EPFL users might be surprised to see, in the days to come, a small white vehicle wandering around in the campus, possibly with no one on board! The School has acquired the first Navia driverless electric shuttle, created by the French company Induct, whose R&D team just installed offices in the Innovation Square in a research partnership.
Invented in 2009, Navia carries up to eight people at a maximum speed of 20 km/h, and was designed to complement conventional transportation, be it public or private. You could compare it to an elevator operating horizontally: the customer calls for it from a station thanks to a terminal or a smartphone app, steps in, chooses the destination on a touch screen... and can start reading the newspaper while the machine makes its way.

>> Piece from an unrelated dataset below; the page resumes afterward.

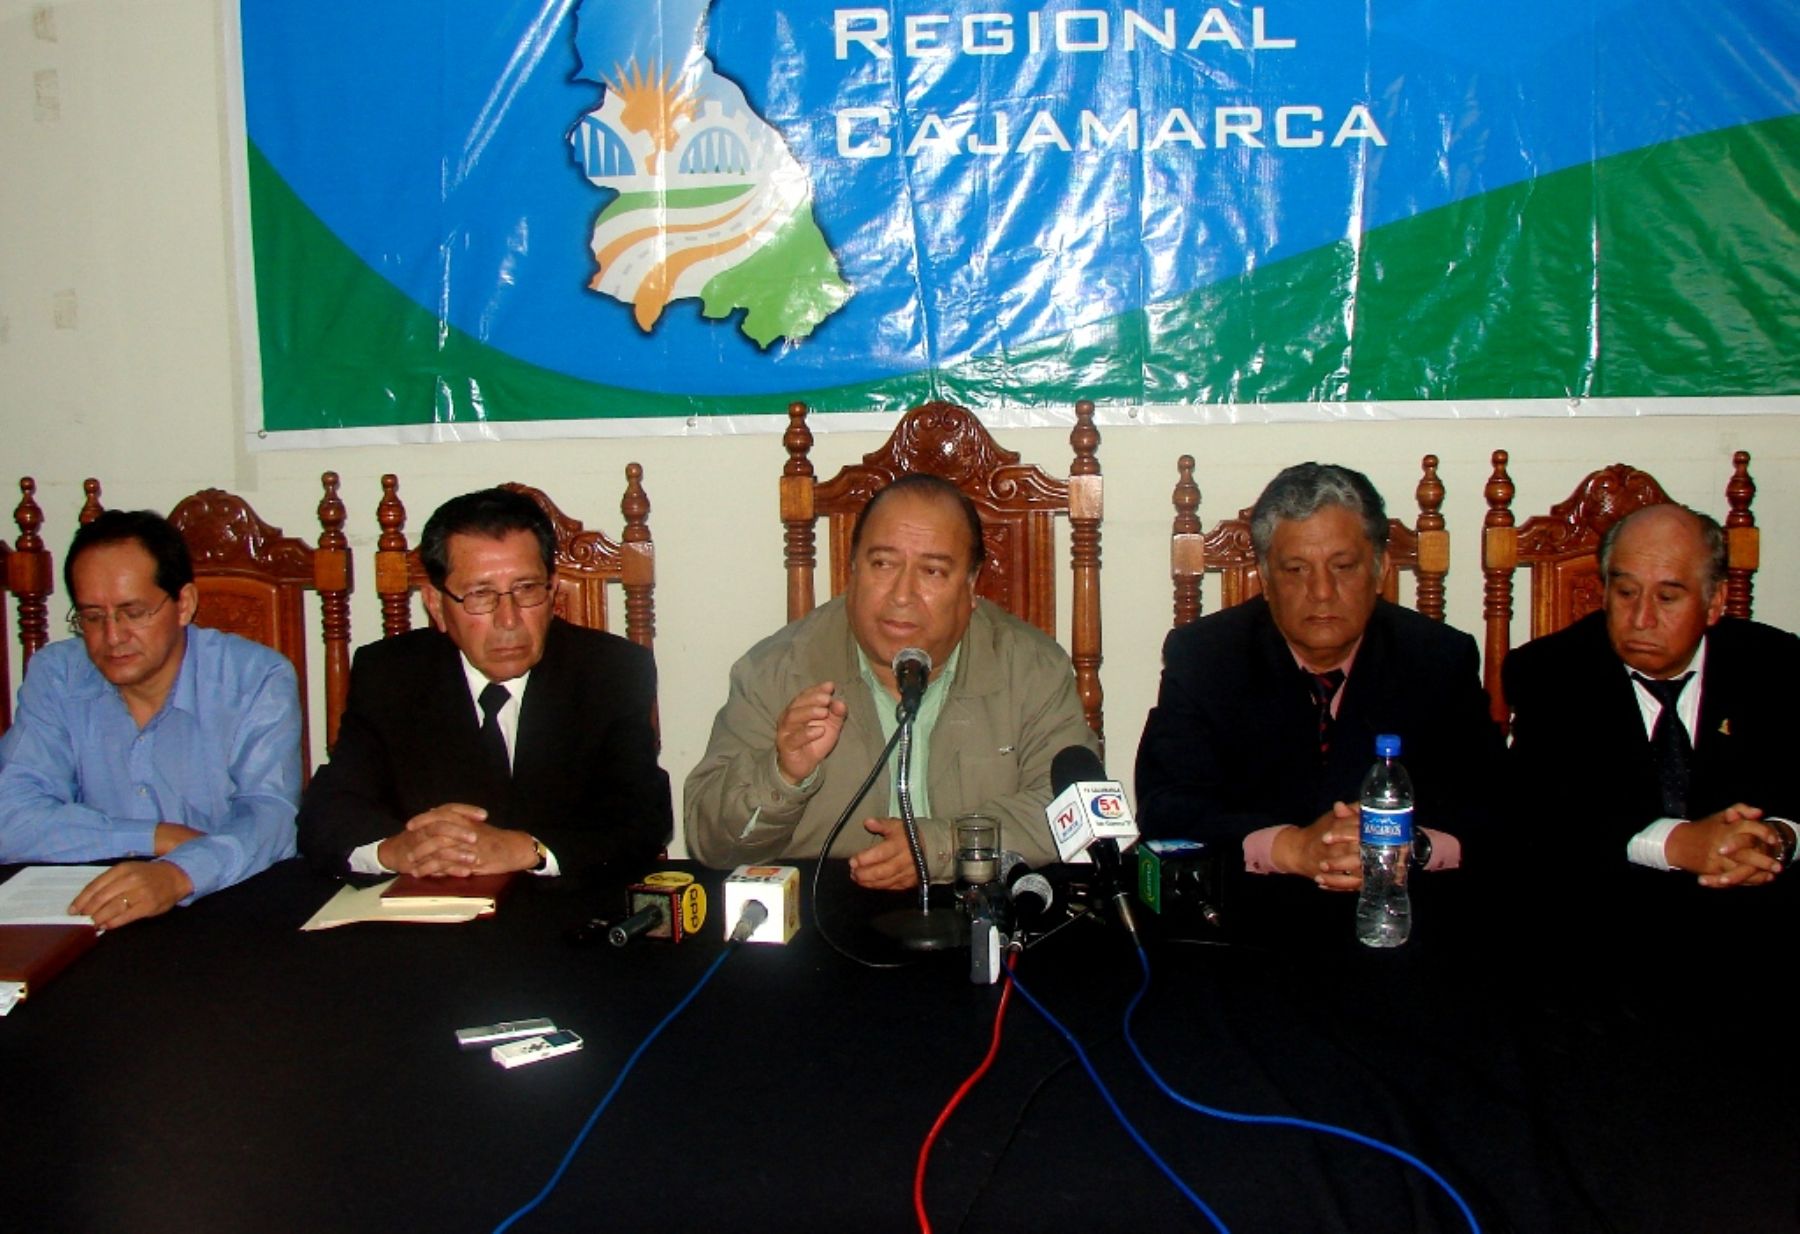 El presidente regional de Cajamarca, Jesús Coronel, dio marcha atrás y renunció a ir por la reelección. Foto: ANDINA / Eduard Lozano.

The Navia is fitted with laser telemetry, GPS, 3D cameras and sensors that detect the vehicle's acceleration (accelerometers) and its rotation (gyroscopes) around all three axes (to and fro, side to side, up and down), enabling it to instantly calculate its position, route and distance traveled. It analyses all this information – location, route, and obstacles – in real time. Any perturbation on the way is dealt with by the on-board computer. The vehicle will either stop or avoid the problem. The environement is analyzed ten times per second over 360° and with a 200 meter range. "Under 50 meters, the computer knows if it's faced with a fixed or moving obstacle, calculates its speed and anticipates its route", states Pierre Levèvre, Founder and CEO of Induct.

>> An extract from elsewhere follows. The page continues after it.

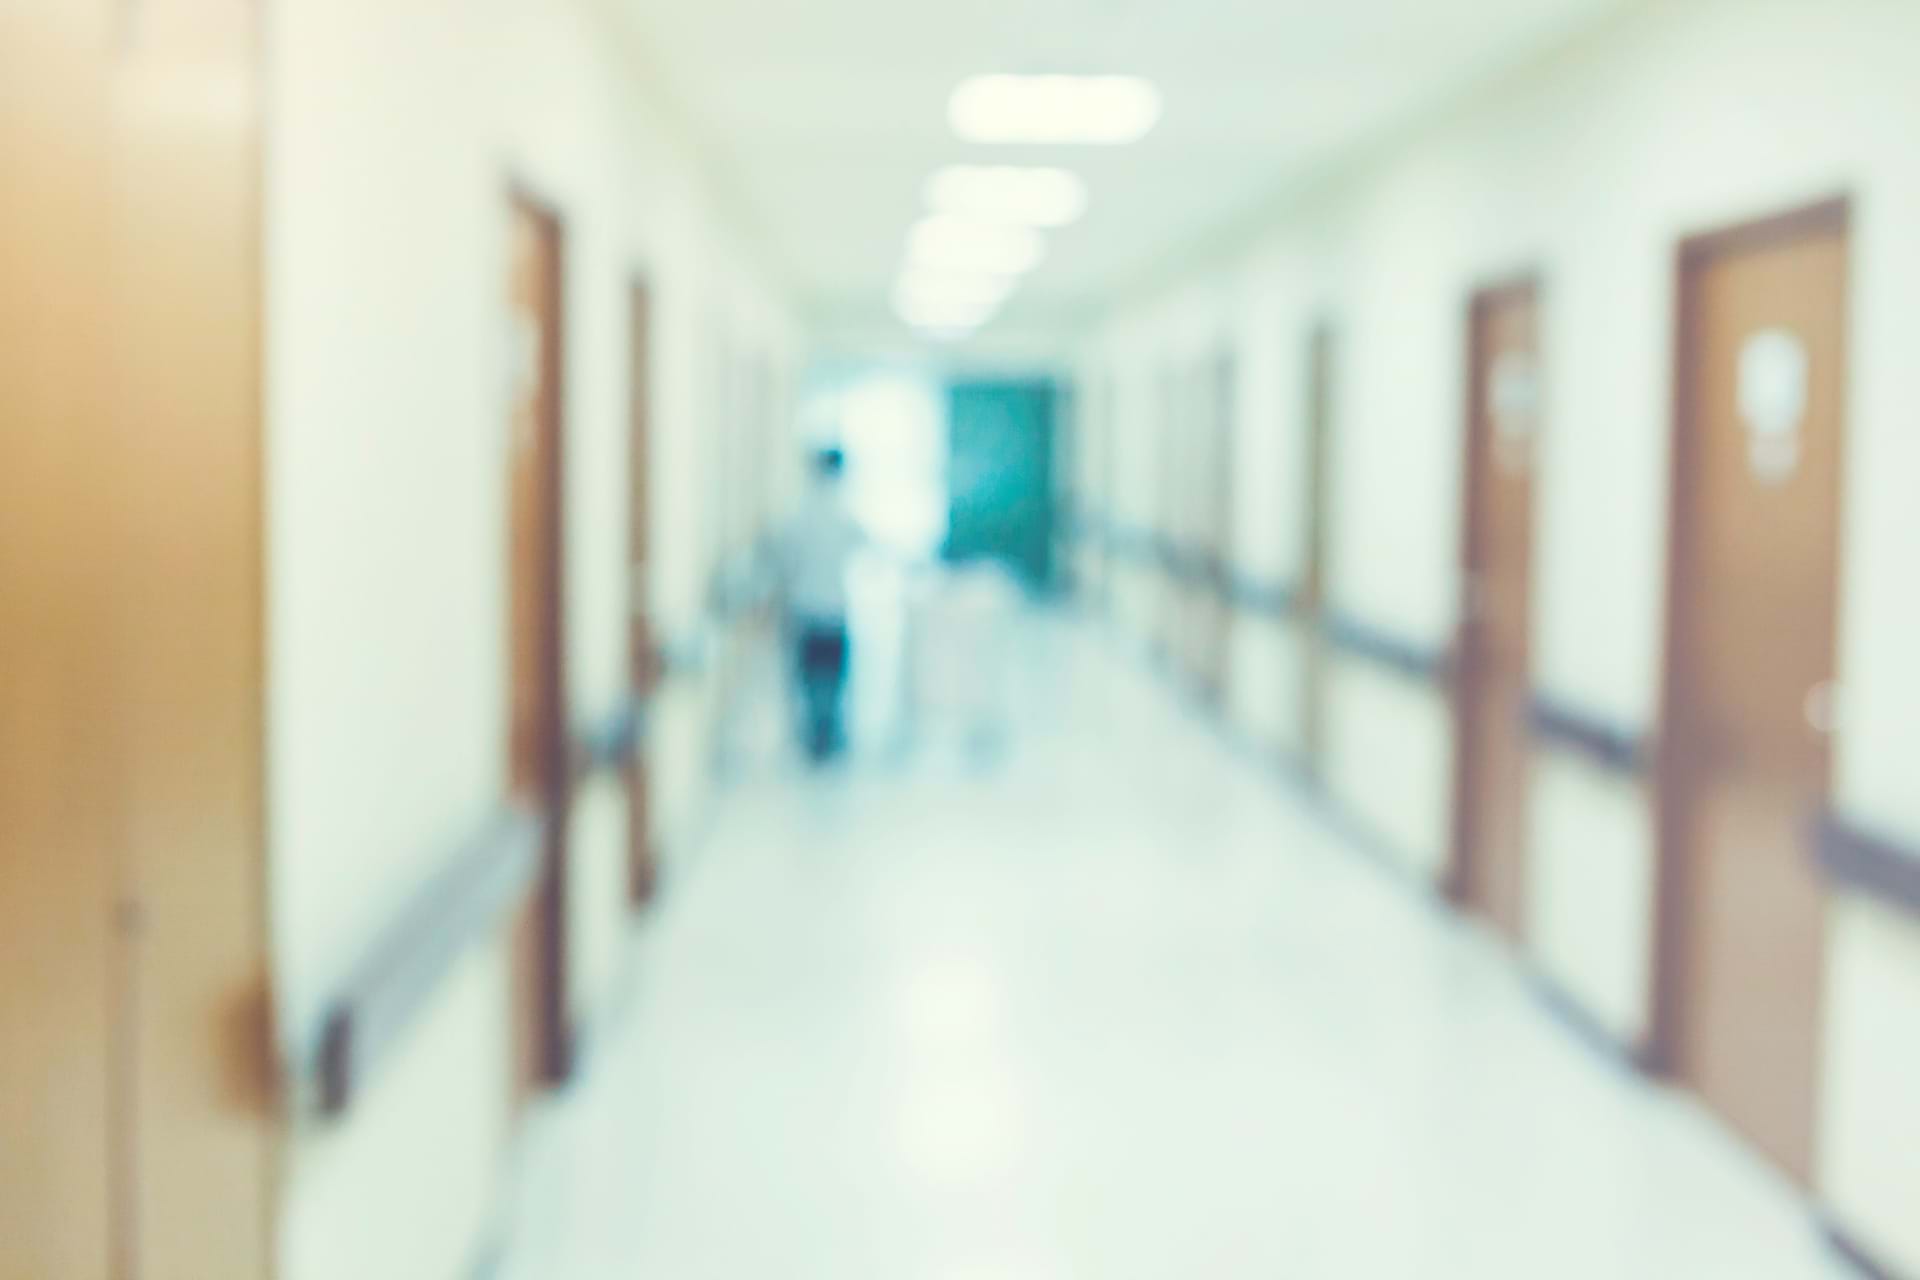 En sykehuskorridor ute av fokus. Illustrasjonsfoto: Colorbox

EPFL: an open-air laboratory for the Navia
To step up its research into induction charging technology and artificial intelligence, Induct decided to work with the Ecole Polytechnique Fédérale de Lausanne (EPFL). The automated electric vehicle will be tested under real operating conditions on the EPFL campus. The research carried out will further the Navia's development and reveal new uses. "Our partnership with Induct enables us to advance our scientific research into induction charging and artificial intelligence, not just in the lab but also outside. This project takes its place in the development of our Innovation District, home to a number of startups in our Science Park. We're delighted to be taking part in this project," says Adrienne Corboud Fumagalli, EPFL's Vice-President for Innovation and Technology Transfer.

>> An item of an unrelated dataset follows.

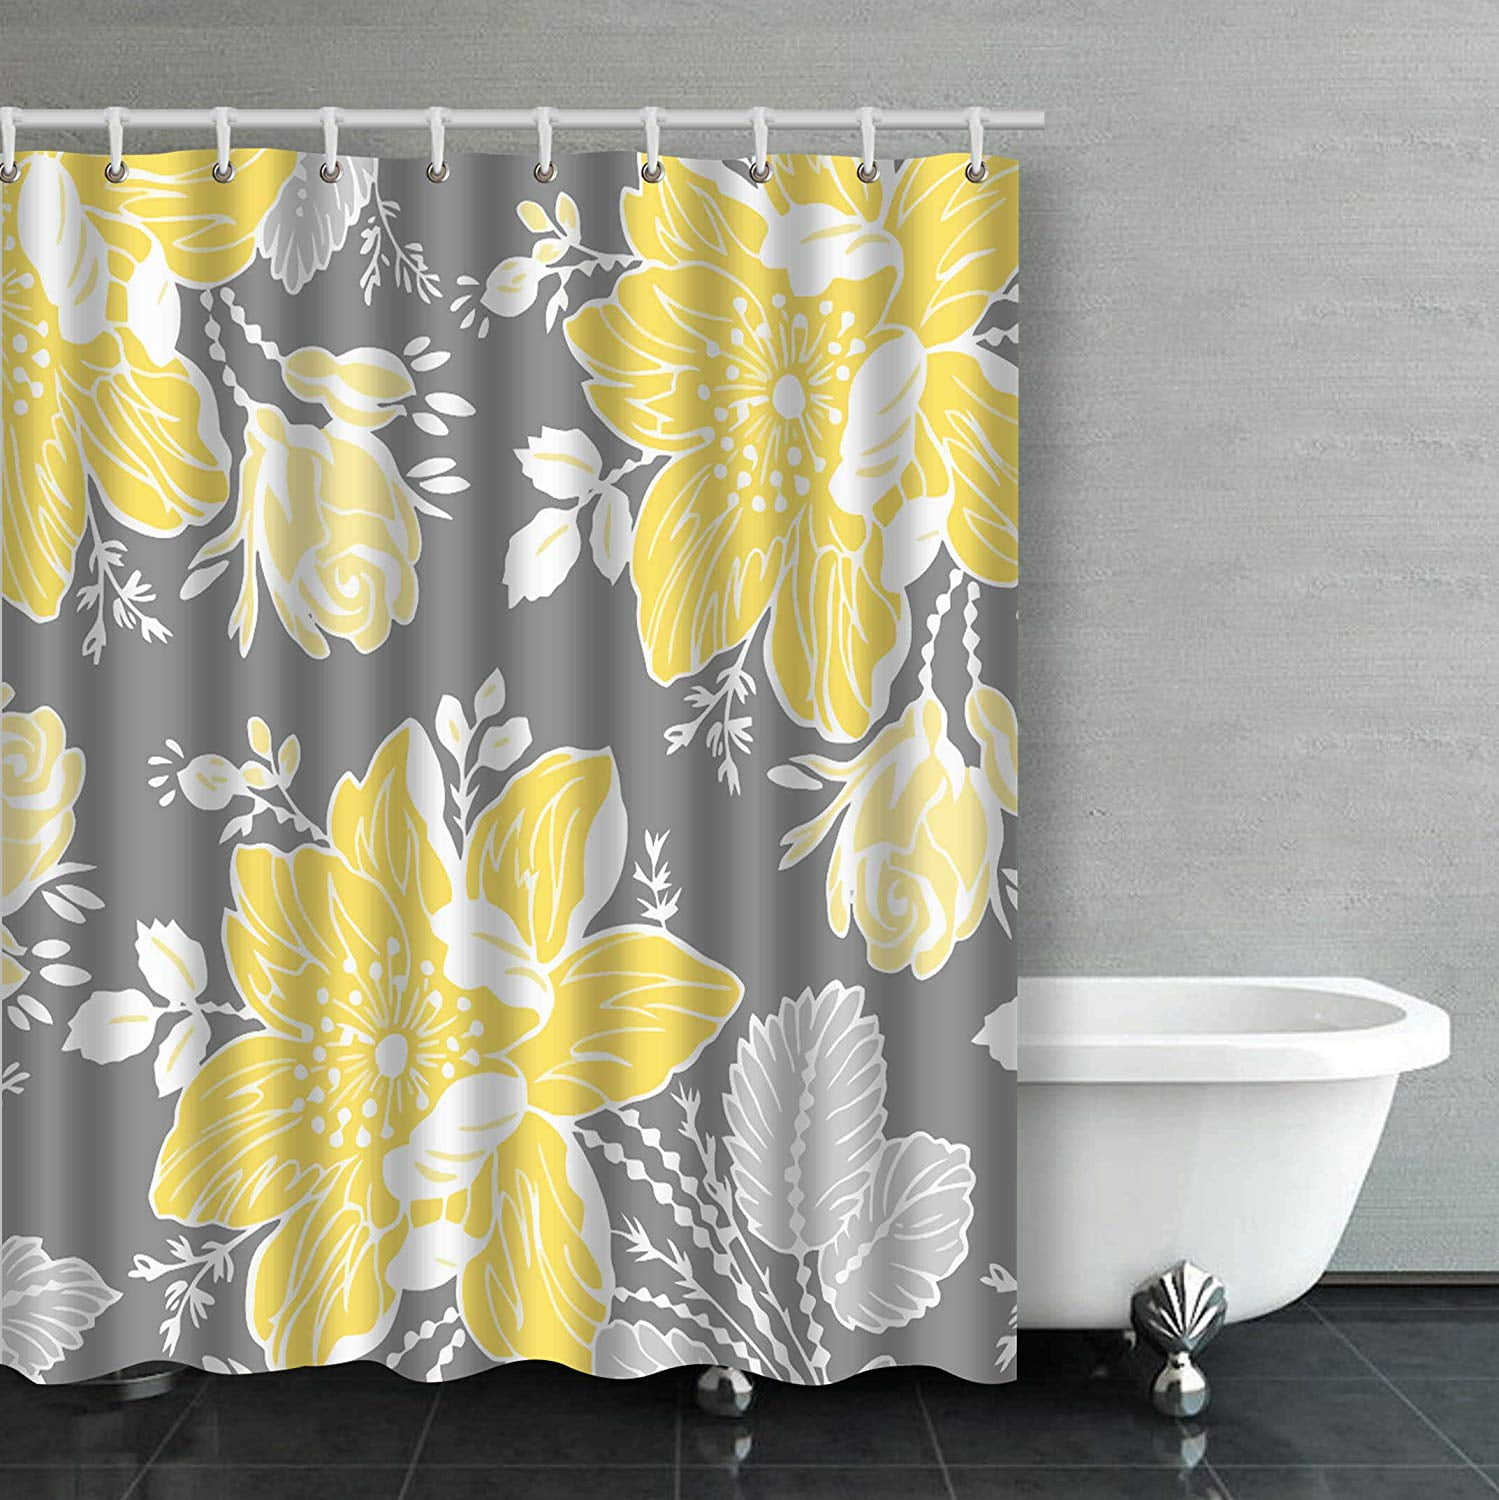 Artjia Yellow Gray White Fl, Yellow And Gray Shower Curtain Set

Professor Francis-Luc Perret, Vice-President for Planning and Logistics, adds: "As part of its Mobility Plan the EPFL is exploring the most innovative public transport solutions for the "last mile" (and the first). Following a public call for bids issued in 2011, the EPFL has chosen the solution offered by Induct and intends to collaborate to validate this concept with the competent authorities and its long-term implementation."